O anuncio foi feito pelo próprio artista e pela produtora Every Thing is New, numa publicação no seu site, dando conta que depois de mais de dois meses em silêncio, o Campo Pequeno volta a abrir as suas portas para receber Dino D’Santiago, um dos actuais “nomes incontornáveis” da música portuguesa.

O artista, que divulgou no início do mês de Abril, nas plataformas digitais, o seu novo trabalho discográfico “kriola”, que bebe dos ritmos de Santiago, Lisboa, Londres, Lagos e Luanda, vai ter a oportunidade de brindar o público com novas sonoridades.

“Temas como “Kriolu” (feat Julinho KSD) ou “Roda” vão fazer parte desta celebração tão esperada como necessária, contagiando o público com os ritmos criados entre Londres e Lisboa, canções de voz envolvente, filtros electrónicos e ritmos como o batuque ou o funaná”, anunciou a produtora que também aproveitou para lembrar ao público que o uso de máscara é obrigatório, à luz das normas de combate à covid-19.

Os bilhetes para o concerto custam entre 5 euros e 10 euros.

“kriola”, que surge depois do “Mundu Nôbu” (2018), segundo dissera o artista, no mês de Abril, é um álbum de “Amor em tempo de guerra”.

Este álbum foi feito de Janeiro de 2019 a Fevereiro de 2020 entre Lisboa (Portugal) e Londres (Inglaterra), onde o artista ia ao encontro dos seus produtores Paul Seiji e Apollo, para criá-lo.

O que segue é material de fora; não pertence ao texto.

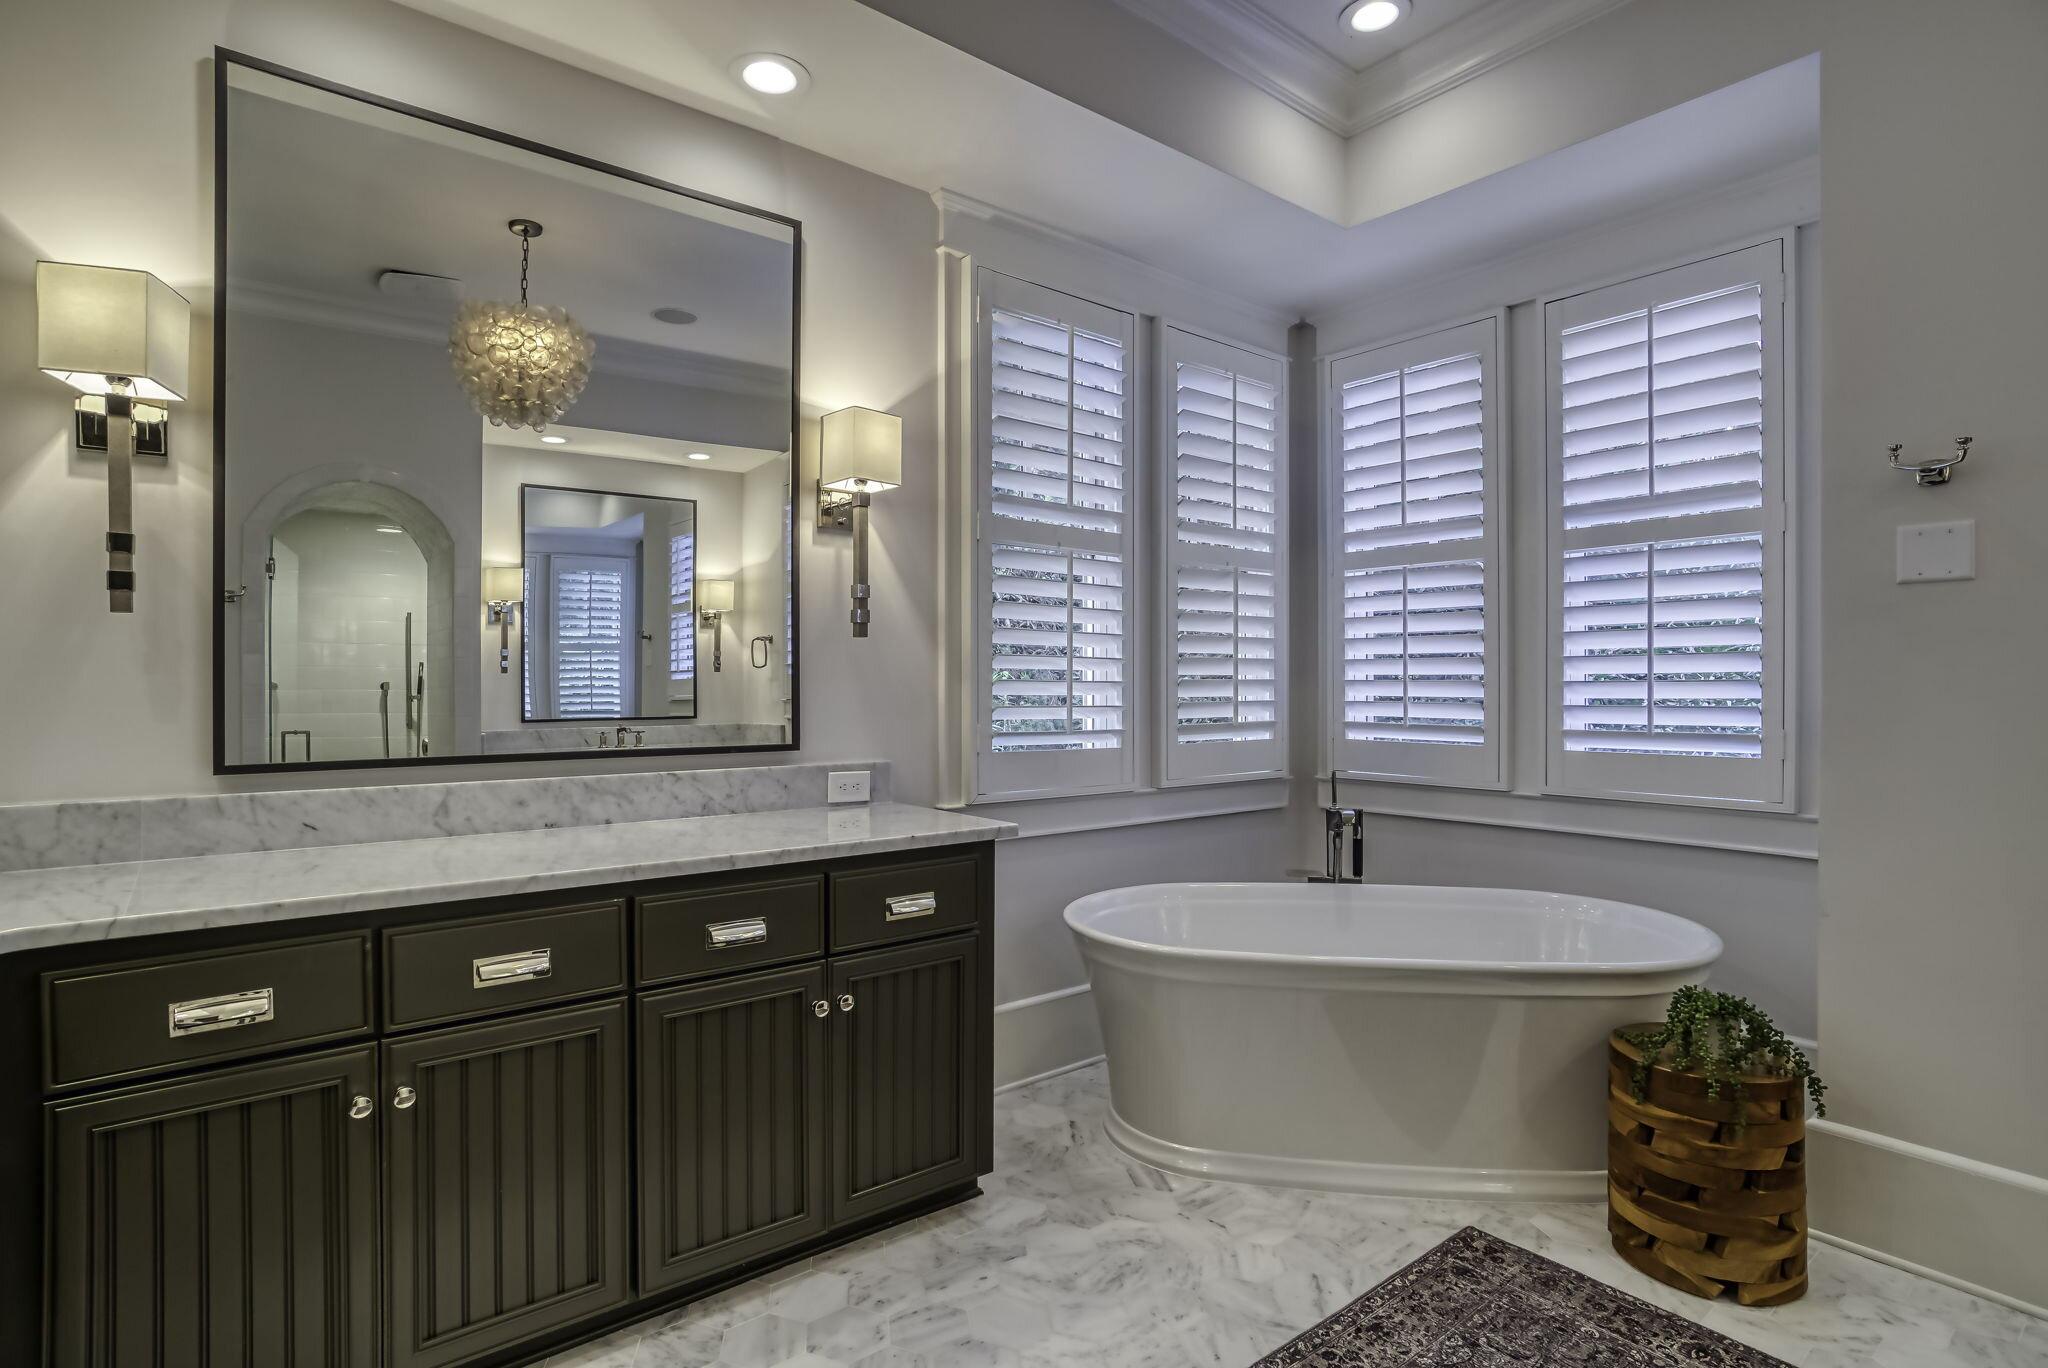 27-web-or-mls-4900 Carmel Park Dr Owner Suite Bath 1.jpg

“Pela primeira vez, em 16 anos de carreira, isolei-me do mundo para compor, sem distracções, saídas à noite, nem outro compromisso a não ser com a criação. Kriola bebeu sabores de Santiago, Lisboa, Londres, Lagos (Nigéria) e Luanda (Angola)”, escrevera na sua página no Facebook e Instagram.

A “cachupa” instrumental, desta vez, segundo o artista, viajou do batuku ao ozonto, da coladeira ao grime, sempre com o “tempero” final dado pelo funaná que “descansa no arriscar” de um tarraxo.

Para Dino d´Santiago, “Kriola” é a sua obra “mais completa” no que diz respeito à mensagem e ao som que ele pretende eternizar, e é ainda o seu álbum “mais activista, onde a Morabeza da linha de Sintra fixa que o crioulo é a segunda língua mais falada na capital portuguesa”.

“Esta `kriola´ é a revolução e emancipação cultural, é a crença de que chegou a hora de acreditarmos na riqueza rítmica das nossas claves e reclamamos por um lugar, que é de todos nós”, enfatizou.

O propósito deste álbum, segundo o músico, vem mesmo com a missão de levar o mundo que lhe inspira, para perto das famílias que neste momento são obrigadas a estar dentro de suas casas.

“Morabeza”, “Roda”, “My Lover”, “kriolu”, “Kem ki flau”, “Arriscar”, “Sófia” e “Nhôs Obi”, são os oitos temas que compõem este álbum que contou com a participação dos músicos Seiji, Banko, Pedro, Kalaf Epalanga, Toty Sa´Med, Djodje Almeida, Toni Economides, e dos ‘rappers’ Julinho KSD e Vado MkKA.